Prior to the Gaza war, Strook frequently criticized the Israeli government for allowing materials into the Gaza Strip which she stated were being used by Hamas to build weapons. During the Gaza war, she opposed potential agreements for a ceasefire, which proposed Israel halting hostilities in exchange for Hamas releasing Israeli hostages. She argued that previous hostage deals had contributed to the October 7 attacks by showing Hamas that taking hostages was worthwhile to them. In response to American efforts to negotiate a ceasefire, Strook said that the United States "doesn't deserve to be called a friend of the State of Israel". She warned that her party might withdraw from the governing coalition if Israel agreed to a ceasefire.

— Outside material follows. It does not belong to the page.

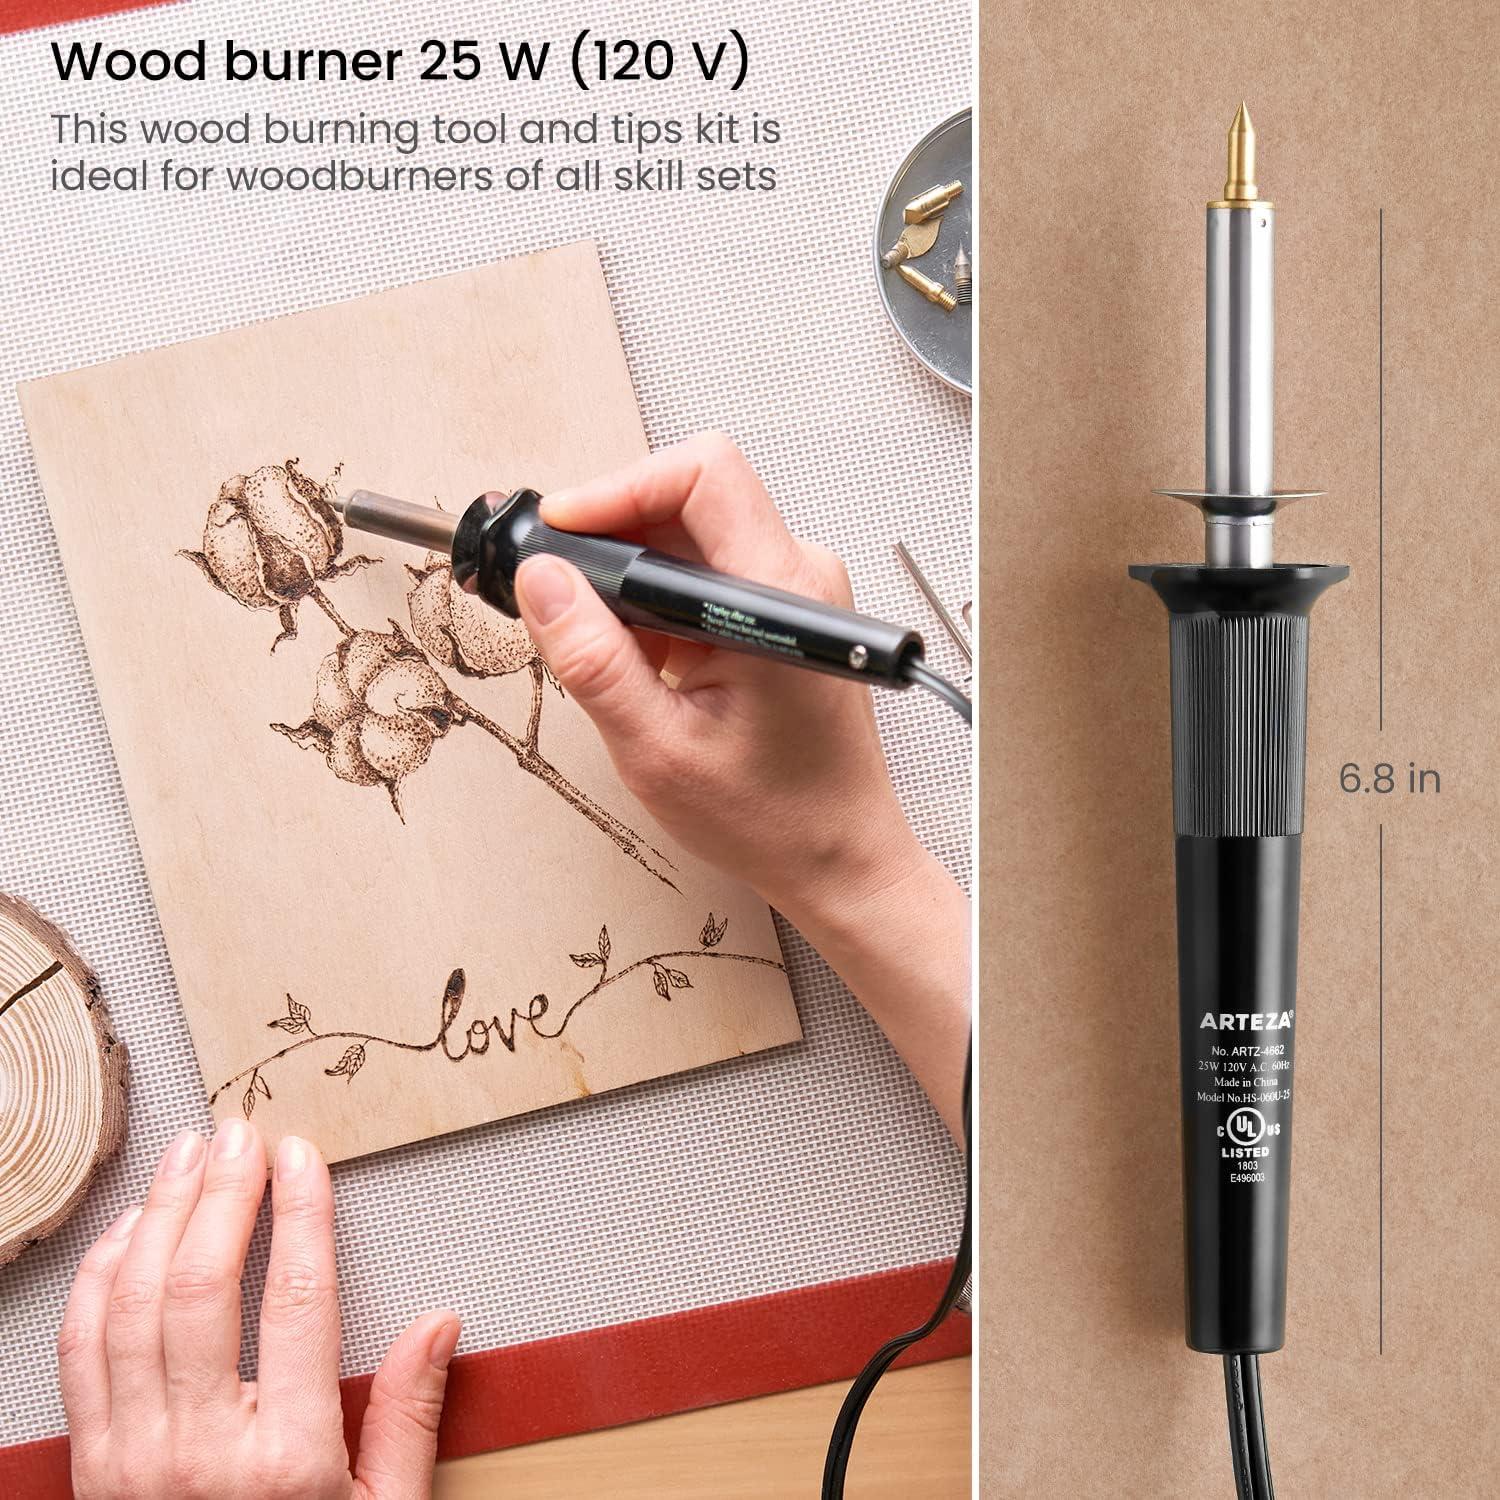 Arteza Wood Burning Kit, 1 Pyrography Pen, 6 Interchangeable Tips, 300400C,  25W, Heat Shield and Stand, for Beginners, Intermediates, and Hobbyists
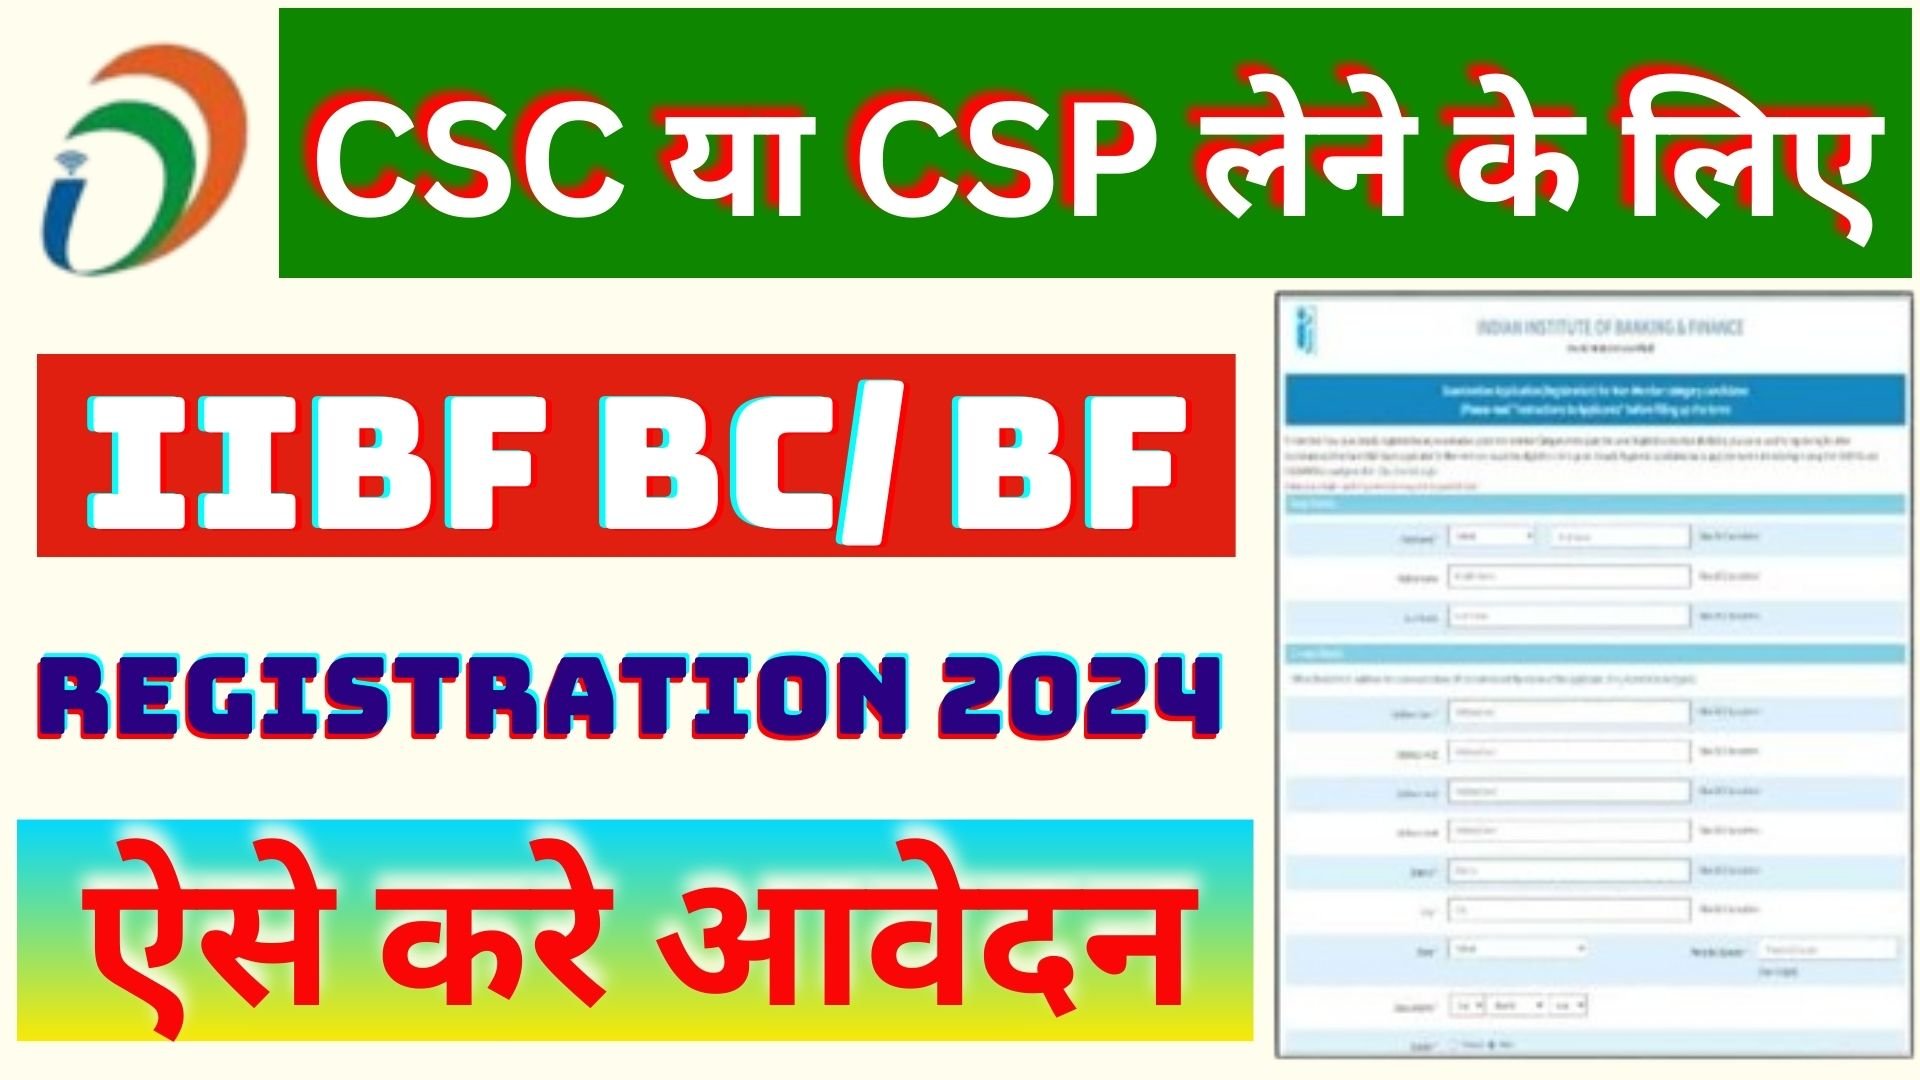 BC Certificate For CSC Registration 2024: BC Certificate Apply Online 2024 | iibf bc certificate Apply

According to YNET, Strook and Bezalel Smotrich have been credited with greatly expanding the land and power of Jewish settlers in the West Bank under Prime Minister Benjamin Netanyahu. In July 2024, Strook praised the Israeli government for expanding settlements in the Hebron Hills, stating that it was a "miraculous" time period and that "We want to accomplish as much as possible". Her comments have been criticized as depicting the Gaza war as an opportunity to expand Jewish settlements.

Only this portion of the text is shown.